因安兒為了在秦小鹿面前有兄長的威風,自小就教人叫自己哥哥,這幾年來,秦小鹿口中的哥哥, 也只他一人。
就是時常一起玩兒的小樹,也只得了秦小鹿一個表兄的稱呼。
蘇婉咬牙, 不過是對著安兒的,見秦小鹿一臉期待,笑道:「不用你師兄休沐,明天就來我家,咱們去春遊,如何?」
秦小鹿猶豫,捏著手指不說話。
蘇婉知曉他是覺得答應了安兒,就得跟安兒一起,沒再多說,抱著人往正堂去。
秦夫人見兒子臉蛋髒兮兮,無奈道:「一身土還讓你師姐抱著,下來。」
秦小鹿利落地向嬤嬤伸出胳膊,每次在院子玩,回屋都是嬤嬤帶他去洗漱換衣服。
吩咐嬤嬤帶兒子去洗漱,秦夫人笑著招呼三姐妹吃茶,知曉是梨花來看新房準備做家具,道:「要不要做幾件京城盛行的?」
梨花笑道:「勞師娘費心了,舅舅準備了京城的樣式,我挑了幾件。」
秦夫人一怔,記起丈夫曾經說過張栓糧身世,笑著點頭:「你舅舅自來是妥帖的,良森手藝也好,我看,以後定是個大家。
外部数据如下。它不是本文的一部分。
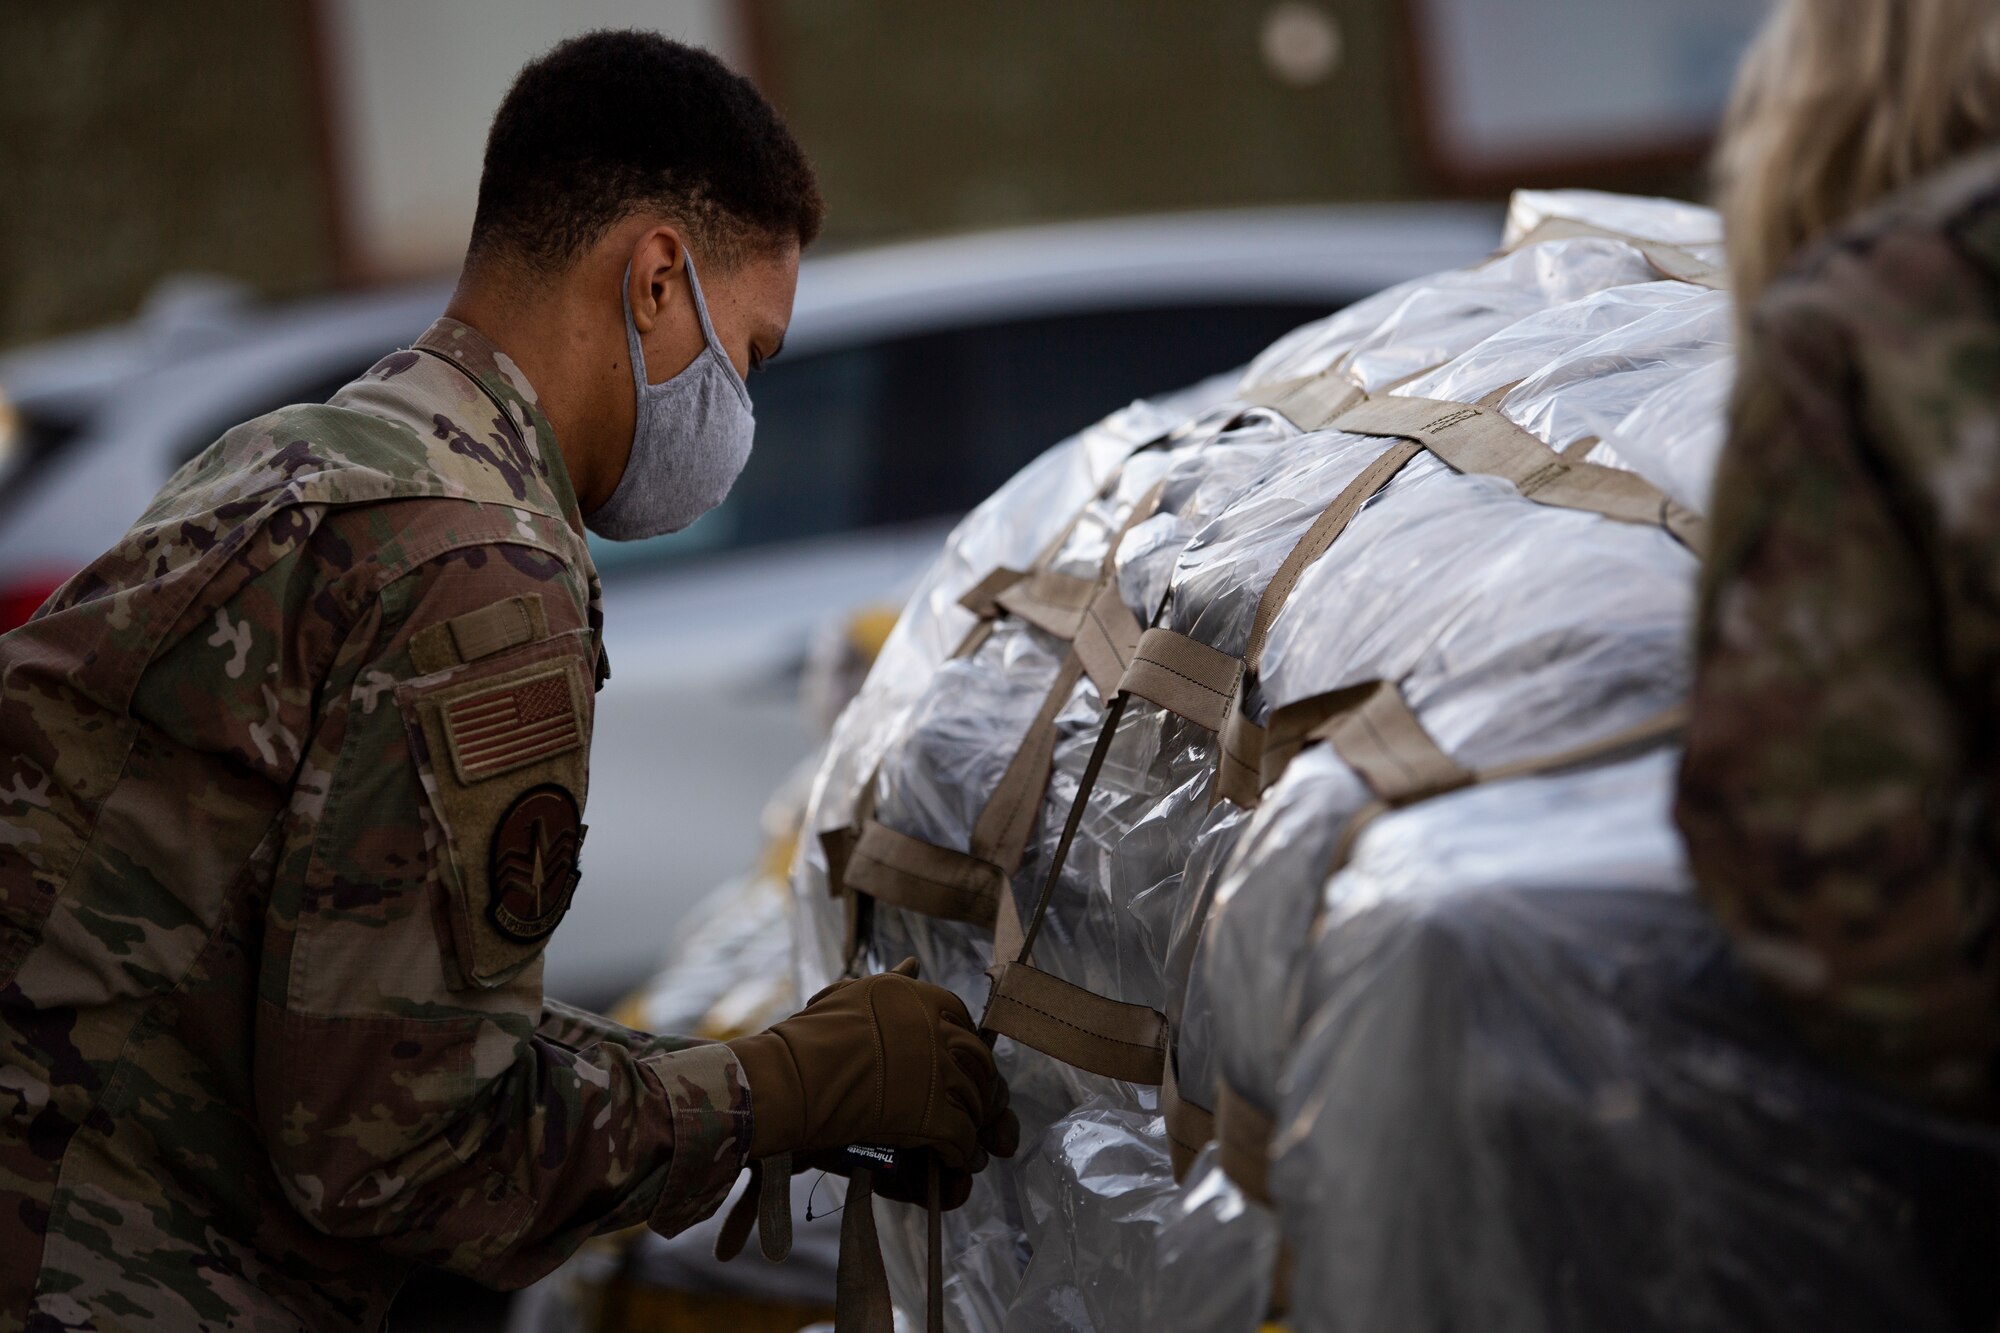 An aircrew flight equipment craftsman, assigned to the 9th Expeditionary Bomb Squadron, disassembles packaged cargo at Orland Air Force Station, Norway, Feb. 23, 2021. A variety of mission support cargo was transported to Ørland Air Force Station for a Bomber Task Force Europe deployment. BTFs give Airmen the opportunity to integrate and train with ally and partner forces. (U.S. Air Force photo by Airman 1st Class Colin Hollowell)

」
木活一道,能被稱為大家,那必是有佳作廣傳。
雖大表哥做了水車,但這東西,凡木匠鑽研都能學會,被鄉里人稱讚也就罷,拿出去算不上什麼。
很多木匠,終其一生都無法達成,大表哥年紀輕輕,不可能有如此成就。
蘇婉思忖著,順勢接過話,道:「師娘,現在光景正好,想請師姐去我家做客,您要是不忙一起去,我們去後山游湖。」
秦夫人搖了搖頭,手不自覺撫上腹部,笑道:「我就不去了,讓芸兒帶著小鹿去。」
她的動作也沒掩飾,蘇婉姐妹三人看得清楚,梨花、蘇婉還好,倒是杏兒,睜大眼睛偷瞄一眼又一眼。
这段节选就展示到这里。